- _WHAT THIS TASK INVOLVES_:
Here, the job is to give back every entry below unchanged, omitting pictures.

=== Section Start ===

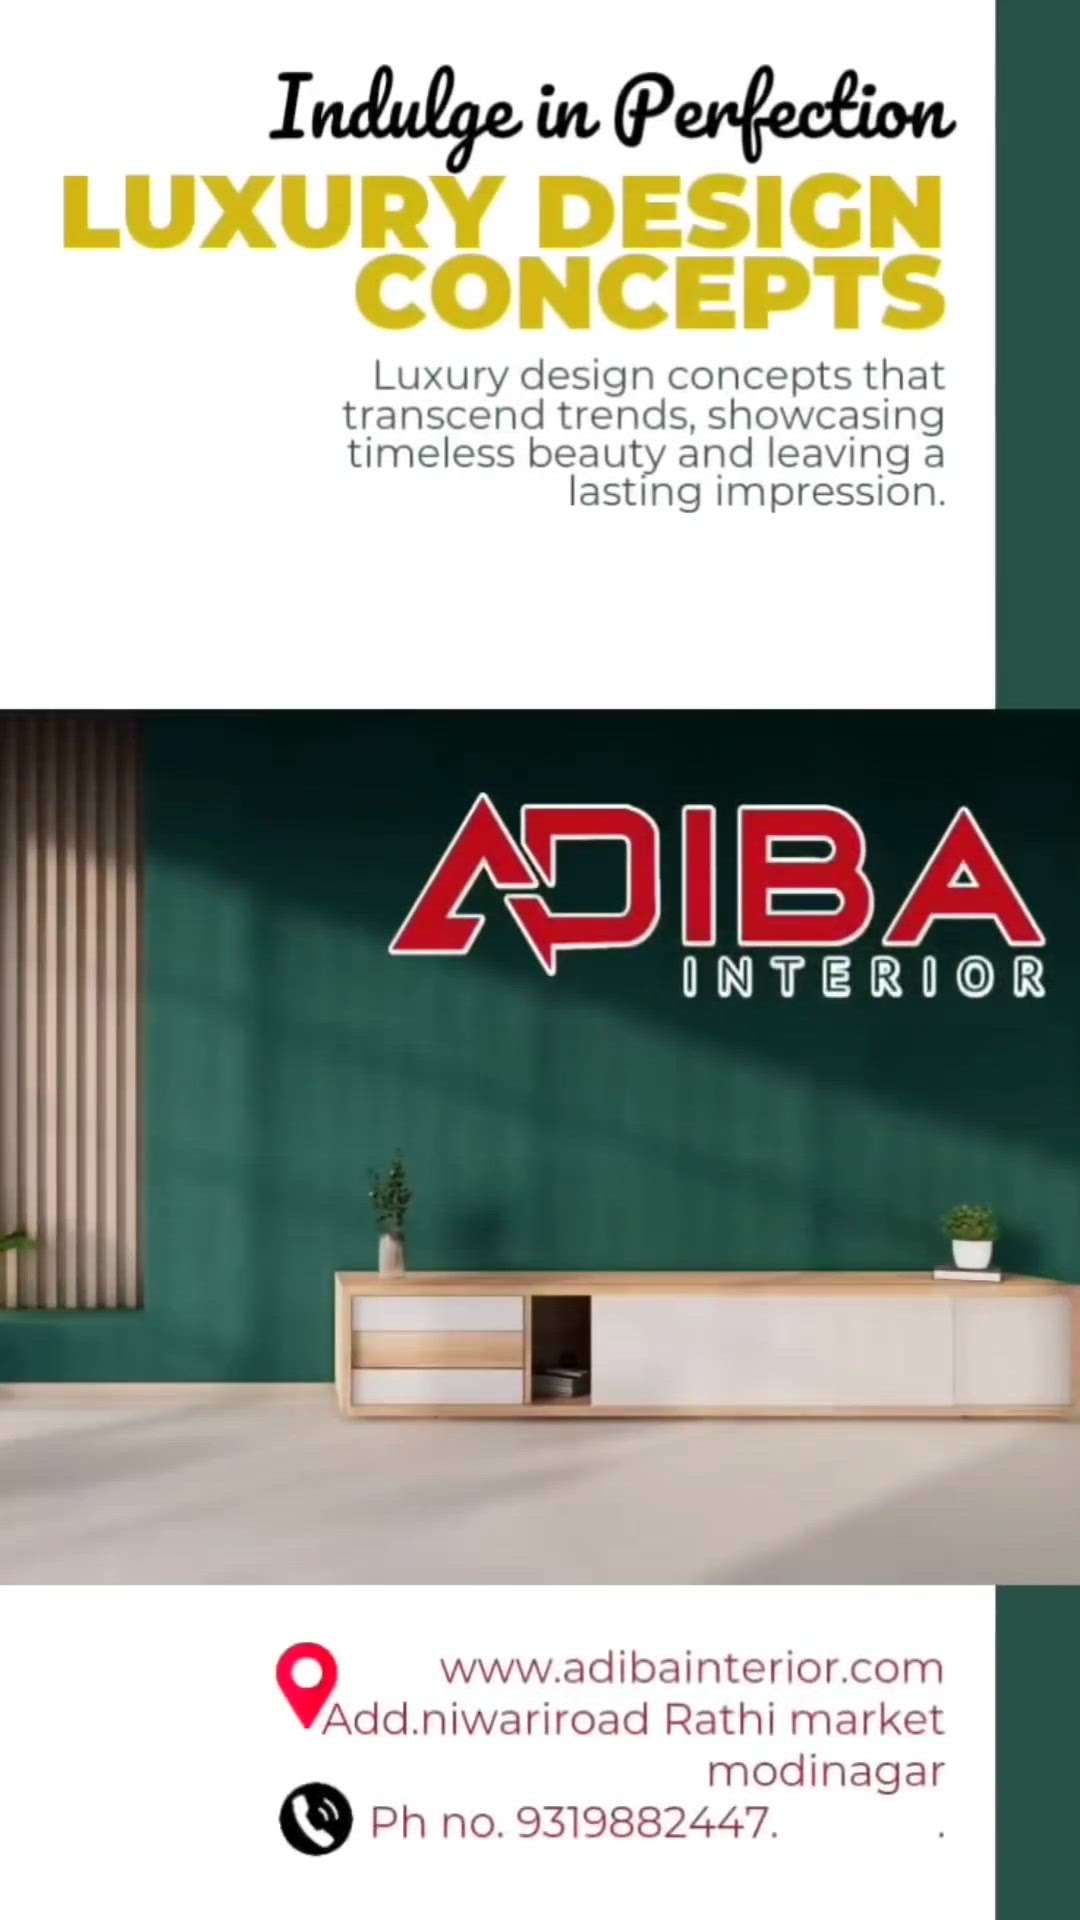 #adibainterior 𝐖𝐞 𝐚𝐫𝐞 𝐭𝐨𝐩 𝐬𝐞𝐥𝐥𝐞𝐫 𝐢𝐧 𝐋𝐨𝐮𝐯𝐞𝐫'𝐬 𝐩𝐚𝐧𝐞𝐥 𝐢𝐧 𝐈𝐧𝐝𝐢𝐚.𝐏𝐮𝐫𝐜𝐡𝐚𝐬𝐞 𝐡𝐢𝐠𝐡 𝐪𝐮𝐚𝐥𝐢𝐭𝐲 𝐖𝐏𝐂 𝐋𝐨𝐮𝐯𝐞𝐫𝐬 𝐩𝐚𝐧𝐞𝐥 𝐭𝐨 𝐞𝐧𝐡𝐚𝐧𝐜𝐞 𝐭𝐡𝐞 𝐛𝐞𝐚𝐮𝐭𝐲 𝐨𝐟 𝐲𝐨𝐮𝐫 𝐥𝐢𝐯𝐢𝐧𝐠 𝐚𝐫𝐞𝐚𝐬.
.
.
.
Modern touch 🏠
Eco friendly 🌳
Easy to clean 🧽
Fast to install 🛠️
Water resistant 💦
Available in several textures
Visit us and check our collection of WPC Wall Panels

Contact us for more information and we will be more than glad to assist you 👇🏻

𝐅𝐨𝐫 𝐦𝐨𝐫𝐞 𝐢𝐧𝐟𝐨, 𝐩𝐥𝐞𝐚𝐬𝐞 𝐜𝐚𝐥𝐥/ 𝐭𝐞𝐱𝐭 𝐮𝐬; 𝐎𝐫𝐝𝐞𝐫 𝐧𝐨𝐰!!!

𝘈𝘭𝘭 𝘪𝘯𝘵𝘦𝘳𝘪𝘰𝘳 𝘚𝘰𝘭𝘶𝘵𝘪𝘰𝘯𝘴 & 𝘏𝘰𝘮𝘦 𝘋𝘦𝘤ore
📦 Product/Service: PVC Panels, Wallpapers, Artificial Grass, UV sheets and Many More.
📲 Call : 9319882447 interioradiba@gmail.com
🏬 Walk In niwari  𝐫𝐨𝐚𝐝, 𝐌𝐨𝐝𝐢𝐧𝐚𝐠𝐚𝐫, 𝐔𝐭𝐭𝐚𝐫 𝐏𝐫𝐚𝐝𝐞𝐬𝐡 𝟐𝟎𝟏𝟐𝟎4

#ceilings #architecture #adibainterior #ceilingdesign #interiordesign #interior #interiordecore #decor #panels #louvers #F

=== Section End ===

- _WRITTEN RESPONSE_:
 #adibainterior 𝐖𝐞 𝐚𝐫𝐞 𝐭𝐨𝐩 𝐬𝐞𝐥𝐥𝐞𝐫 𝐢𝐧 𝐋𝐨𝐮𝐯𝐞𝐫'𝐬 𝐩𝐚𝐧𝐞𝐥 𝐢𝐧 𝐈𝐧𝐝𝐢𝐚.𝐏𝐮𝐫𝐜𝐡𝐚𝐬𝐞 𝐡𝐢𝐠𝐡 𝐪𝐮𝐚𝐥𝐢𝐭𝐲 𝐖𝐏𝐂 𝐋𝐨𝐮𝐯𝐞𝐫𝐬 𝐩𝐚𝐧𝐞𝐥 𝐭𝐨 𝐞𝐧𝐡𝐚𝐧𝐜𝐞 𝐭𝐡𝐞 𝐛𝐞𝐚𝐮𝐭𝐲 𝐨𝐟 𝐲𝐨𝐮𝐫 𝐥𝐢𝐯𝐢𝐧𝐠 𝐚𝐫𝐞𝐚𝐬.
.
.
.
Modern touch 🏠
Eco friendly 🌳
Easy to clean 🧽
Fast to install 🛠️
Water resistant 💦
Available in several textures
Visit us and check our collection of WPC Wall Panels

Contact us for more information and we will be more than glad to assist you 👇🏻

𝐅𝐨𝐫 𝐦𝐨𝐫𝐞 𝐢𝐧𝐟𝐨, 𝐩𝐥𝐞𝐚𝐬𝐞 𝐜𝐚𝐥𝐥/ 𝐭𝐞𝐱𝐭 𝐮𝐬; 𝐎𝐫𝐝𝐞𝐫 𝐧𝐨𝐰!!!

𝘈𝘭𝘭 𝘪𝘯𝘵𝘦𝘳𝘪𝘰𝘳 𝘚𝘰𝘭𝘶𝘵𝘪𝘰𝘯𝘴 & 𝘏𝘰𝘮𝘦 𝘋𝘦𝘤ore
📦 Product/Service: PVC Panels, Wallpapers, Artificial Grass, UV sheets and Many More.
📲 Call : 9319882447 interioradiba@gmail.com
🏬 Walk In niwari  𝐫𝐨𝐚𝐝, 𝐌𝐨𝐝𝐢𝐧𝐚𝐠𝐚𝐫, 𝐔𝐭𝐭𝐚𝐫 𝐏𝐫𝐚𝐝𝐞𝐬𝐡 𝟐𝟎𝟏𝟐𝟎4

#ceilings #architecture #adibainterior #ceilingdesign #interiordesign #interior #interiordecore #decor #panels #louvers #F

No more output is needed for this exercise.